"Na guerra surda mas implacável de interesses entre a União Europeia e a Rússia pelo controlo do transporte do gás da Ásia Central para a Europa, Moscovo acaba de marcar mais um ponto contra Bruxelas", escreve La Tribune. A Wintershall, a filial alemã do gigante da indústria química BASF, prepara-se para integrar o projeto do gasoduto South Stream. "É mais um duro golpe para o Nabucco, o projeto concorrente apoiado pela UE e que iria trazer o gás da Ásia Central sem passar pela Rússia.” Para o diário, "o aparecimento de uma empresa alemã vai acabar por descredibilizar este projeto, orçado em mais de 25 mil milhões de dólares", para cima de 18 mil milhões de euros. Criada pelo gigante russo Gazprom, a South Stream conta com o apoio da italiana ENI. Estas duas empresas comprometeram-se, na primavera de 2010, a ceder, cada uma delas, 10% da participação no grupo francês EDF. O Nabucco, em contrapartida, convence cada vez menos, adianta o diário, por causa da inexistência de reservas de gás que justifiquem a sua construção. De facto, o Gazprom terá "secado metodicamente as reservas de gás da Ásia Central ao multiplicar os contratos de compra e venda a longo prazo na região, reduzindo assim o volume eventualmente destinado ao Nabucco". "Ao anunciar a construção deste gasoduto antes mesmo de ter garantido as reservas de gás, Bruxelas liquidou o projeto", explica Pierre Noël, especialista em questões energéticas da Universidade de Cambridge.

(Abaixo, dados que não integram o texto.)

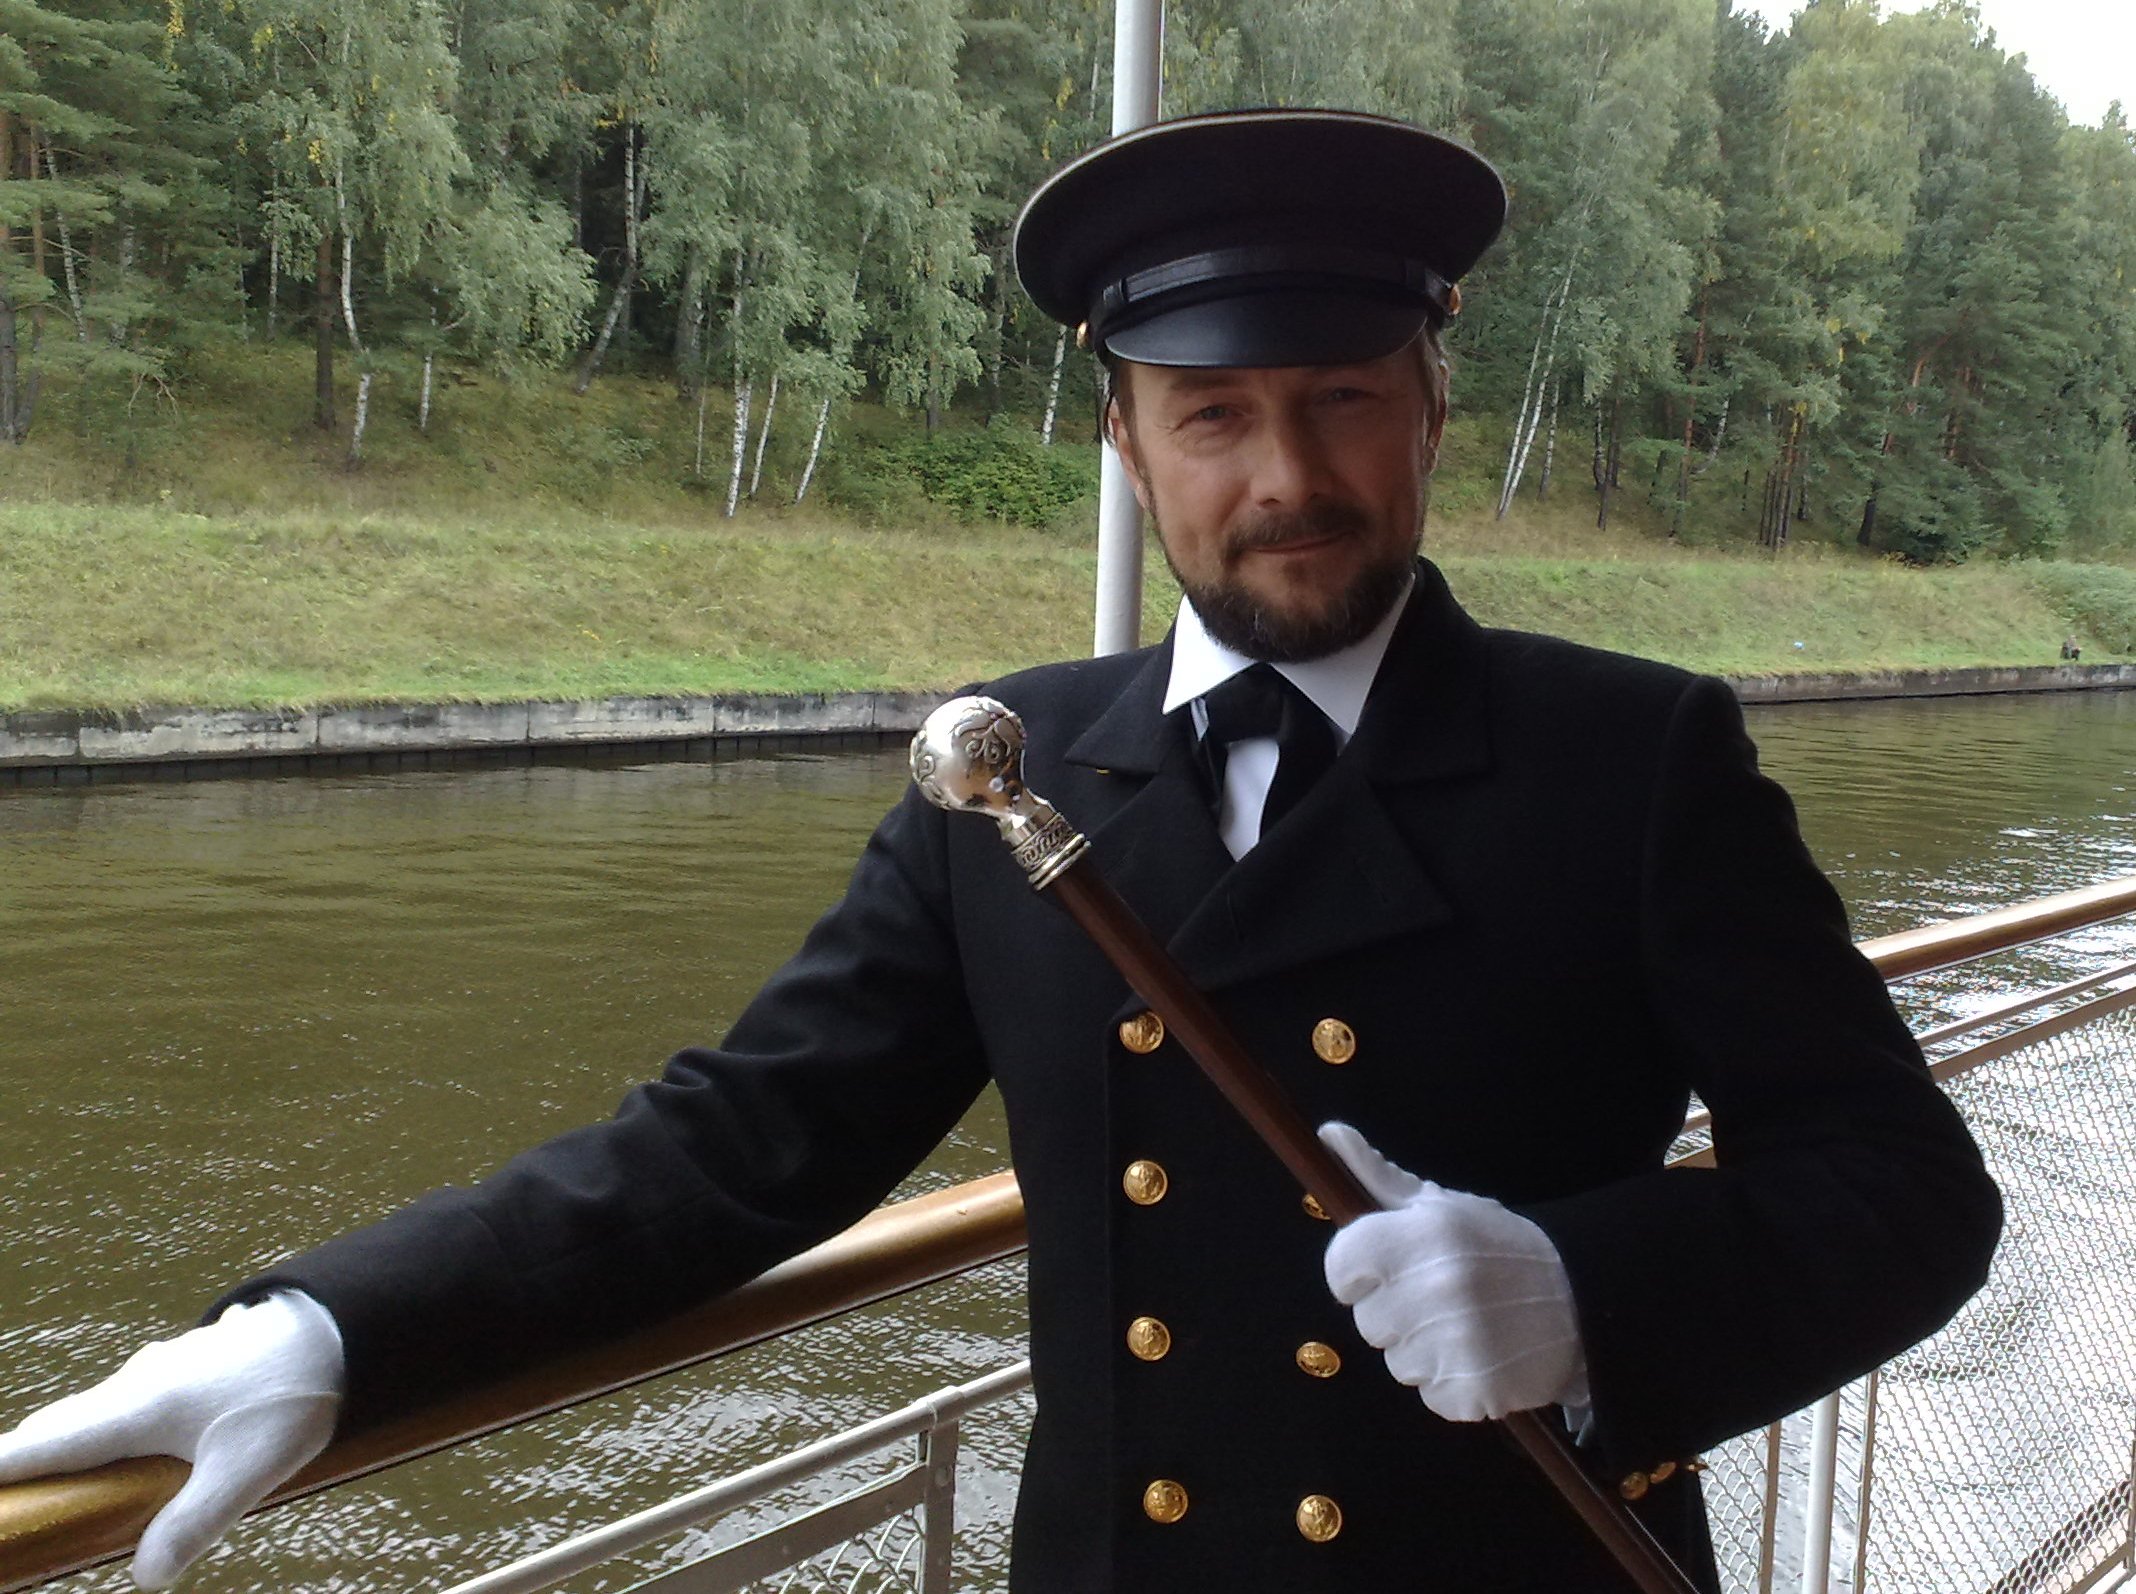 Aleksandr Zamyatin starring as Captain of the Stream Boat in

No entanto, o South Stream teria ainda algumas questões pendentes. Segundo o Euobserver, com efeito, Koen Minne, patrão do grupo belga Enex, deveria assinar em novembro um contrato de gás natural comprimido (GNC) com o Turquemenistão. Nos termos deste acordo, o Enex e um consórcio de empresas europeias preparavam-se para transportar entre 3 e 4 mil milhões de metros cúbicos por ano de gás turquemenistonês para a UE. O gás faria o trajeto de barco pelo mar Cáspio em direção ao Azerbaijão e, daí, seria trazido para a UE pelo gasoduto azerbaijano-turco Baku-Tbilisi-Erzurum.